Thanks cmfields21 for taking the time to write that long post. I thought that basketball would be really good for me and it is nice to know that I was correct in thinking this. Also thanks for the tips about the changeup. I have been working on mine and I will continue to give updates on how I progress. Unfortunately it seems like it will be a very long process.


You can bench, just use the dumbbells. Or you can pick up dumbbells for a couple of bucks at a used sporting goods store or online. Better to bench with dumbbells in my opinion anyway as it promotes a larger range of motion.
Remember to work the backside of the upper body too. You mentioned curls. The rule we input with my son was for every front side lift he would 1 1/2 to 2 back side. So, one set of curls meant 2 sets of tricep exercises. Upper back, lats, triceps ext. these are the “brakes” for your throwing arm and throwing motion. Most injuries (over 70%) occur after the ball is released, while the arm is decelerating.
I would advise working in some rotational exercises as well. Endless crunches are good for general core strength, but, mixing in some rotational stuff for the core is beneficial. Again, used medballs can be found pretty cheaply usually. At least your coach doesnt have you jogging poles.
Doing different planks is a good way to see how stable your core is as well.
Keep working hard.

Hey guys, I am back. I am going to try to post everyday, I apologize for this inconsistent posting. Over the last few months, I have been working but not to the level I would like to and that is really disappointing. I am making a promise that I am going to work like hell to get to a D1 level college. Varsity tryouts are in a month and it is essential that I make it.

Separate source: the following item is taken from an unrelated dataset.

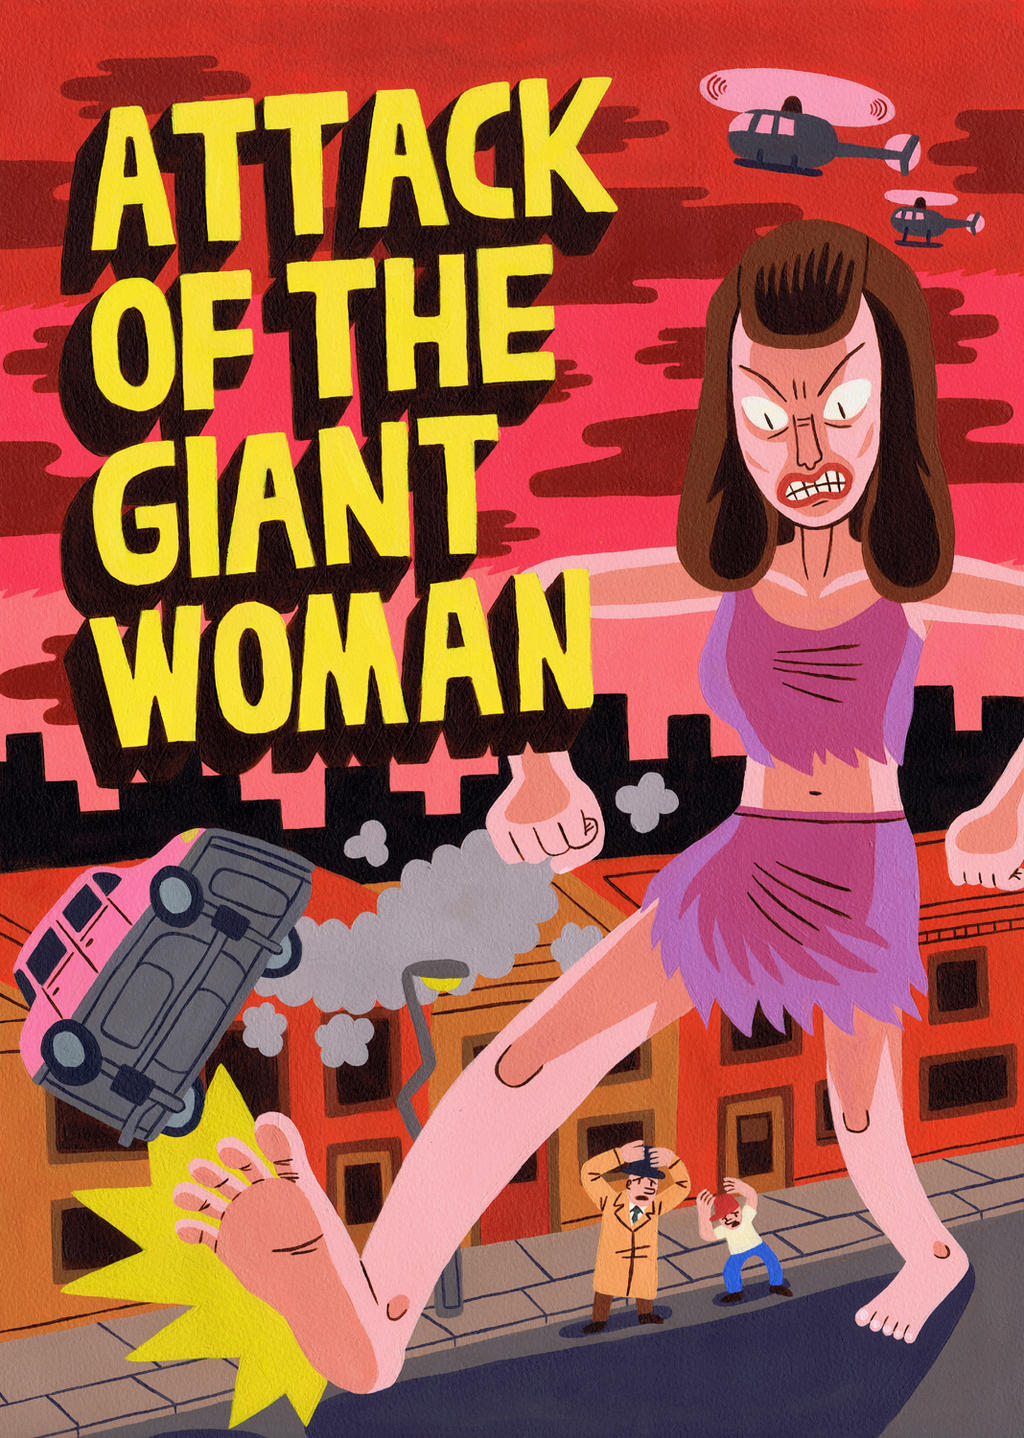 attack_of_the_giant_woman_by_teagle-dacy

I would like to thank everyone who has commented and viewed this because without you guys, there will be no chance that I achieve my goals. So again I apologize and I am going to make a change.

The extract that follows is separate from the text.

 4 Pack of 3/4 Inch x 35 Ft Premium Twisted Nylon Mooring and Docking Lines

Hey man, you’re good. I’ve gone for a lot longer than you without posting because some things come up, you get busy, and don’t always have the time to post. This discussion forum is a resource, not an obligation.

Now for some comments…

DB bench is better for you as a pitcher in my opinion, because you work more stability muscles in the shoulders and arms that wouldn’t get worked with regular bench. Your arms are working on keeping the weights balanced as well as lifting them. In my college program all we do is DB bench.

And no problem for the help, that’s what we’re here for. For your changeup, just keep working on it. It will come eventually. The best thing you can do right now is work as hard as you can. Hard work brings a lot of good things.

Keep getting after it! Keep aiming for those goals, and don’t ever let anyone tell you you can’t reach them.

Hey thanks for the response and the kind words. I was told that strengthening your chest will ultimately lead to a lowering in velocity, I guess this must not be the case. I have a set of dumbbells at my house so I am gonna start to work right away.

I am going to throw a bullpen off a mound on Thursday to live hitters. Usually the program is to throw 2 innings consisting of 20 pitches each inning. It is up to us which pitch we throw so I am gonna work on throwing offspeed.

For tonight’s workout, I only did core exercises because I had lifting today for basketball. One piece of good news is that we had the opportunity to do pullups with chains to make them heavier. After doing 12 normal pullups, I was able to do 7 with the chains around my neck. I am not sure how heavy they were but I am pretty sure they were 20 pounds. I wasn’t the only one who was able to do this many but there were a lot that couldn’t. And I know that I wouldn’t not have been able to accomplish this amount a few months ago.

Thanks again for your comment.

The key is gaining strength while maintaining flexibility.

Hey thanks for the comment. I am going to start doing 10-15 minutes of stretching everyday to increase my flexibility to hopefully get some more MPH. And also, I am going to start doing 8-10 minutes of ab work each night. After this I am going to hold a plank until I fail; I will record how long I can last each night so I can see how much stronger I am getting.

I will post later tonight about my workout.